The ratio of phoretic to total mites shifts dramatically by season:

| Season | Brood levels | Phoretic fraction of total mites |

|---|---|---|

| Winter (Dec, Feb, broodless period) | None to minimal | 85 to 100% |

| Early spring (Mar, Apr, buildup) | Moderate, expanding | 30 to 50% |

| Peak season (May, Aug) | Maximum | 15 to 30% |

| Late summer/fall (Sep, Oct, wind-down) | Declining | 40 to 70% |

These figures come from population modeling research and are reflected in the Honey Bee Health Coalition's Varroa management guide [1]. The exact numbers vary by latitude, local forage, and queen laying rate, but the shape of the curve is consistent.

What this means practically: the same underlying total mite population will produce very different wash counts depending on when you sample. A colony with 5,000 total mites during peak brood season might show only 750 to 1,500 phoretic mites in your sample pool, giving a deceptively low count. That same colony entering winter with brood gone would show nearly all 5,000 as phoretic, producing a very high and accurate count.

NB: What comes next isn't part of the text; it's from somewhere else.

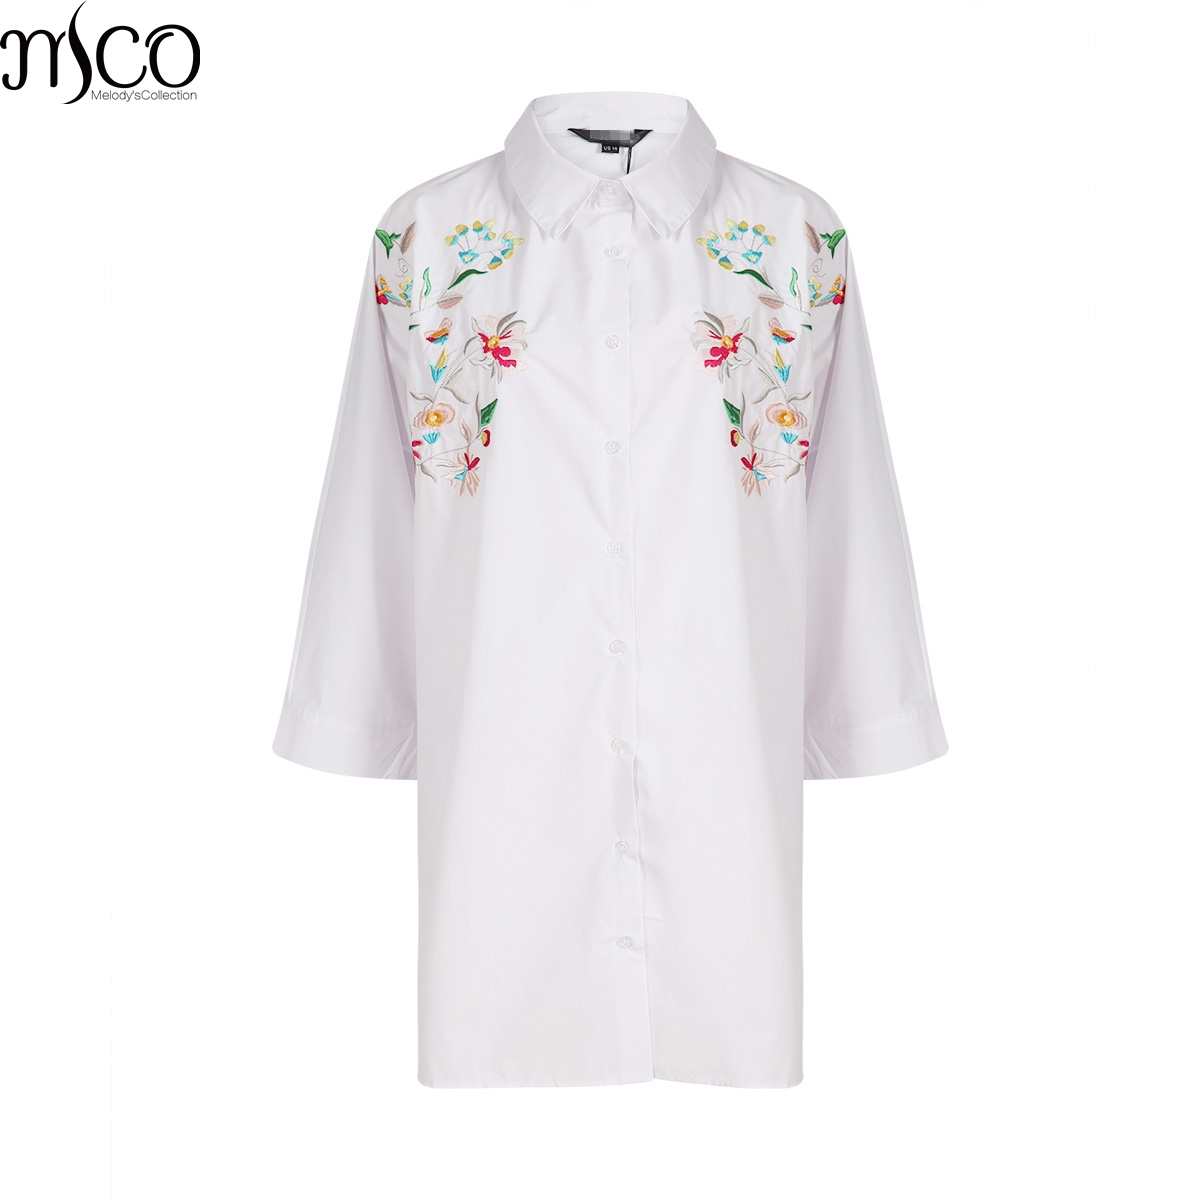 MCO Fashion Floral Emboridered Top Oversized Basic Plus Size Women Clothing Classic Big Kimono Shirt 5xl 6xl 7xl OL Long Blouse
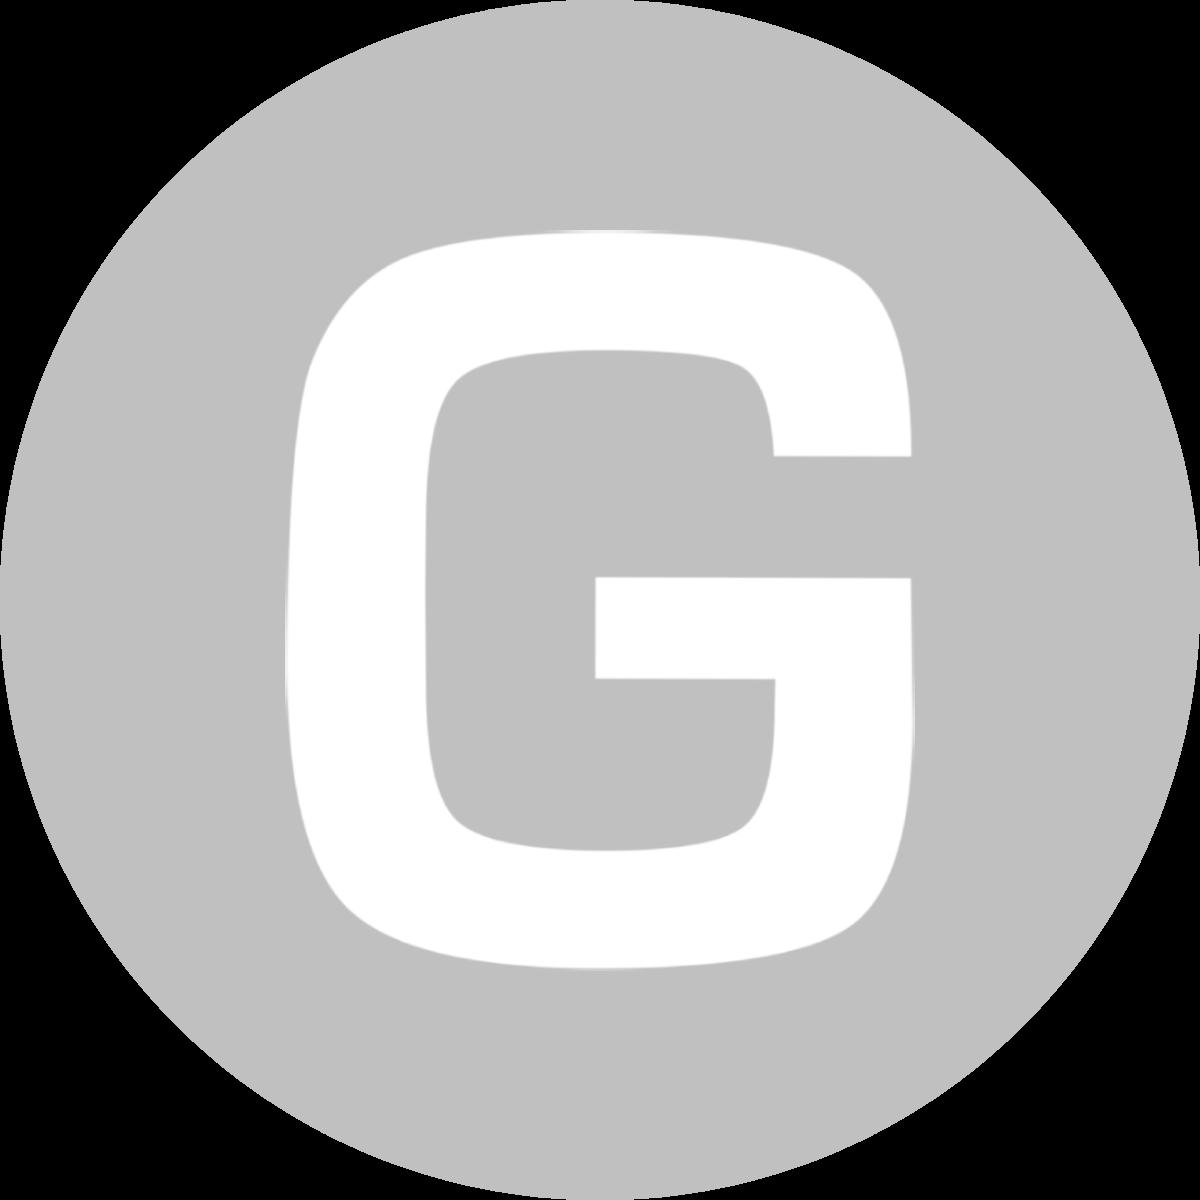 Bushnell Tour V4 JOLT laser

University of Minnesota Extension confirms this pattern in their varroa monitoring guidance, noting that sampling during high brood periods can significantly underestimate the total mite burden [2].

When are mite wash results most accurate during the year?

The most accurate wash results come when the phoretic fraction is highest: late fall through winter, and again in early spring before the colony has fully ramped up brood production.

If your colony goes broodless (common in December and January in much of the US), an alcohol wash count is about as close to a true total mite load as you can get without dissecting cells. This is the one time a low count really is a low count.

Early spring, roughly March in zone 6 to 7 climates, is also a good window. Brood has started but hasn't yet exploded, so the phoretic fraction is higher than midsummer and the count is more representative. Some extension programs recommend spring sampling specifically because colonies are smaller and easier to manage, and counts are more accurate than they'll be once the summer population peak hits [2].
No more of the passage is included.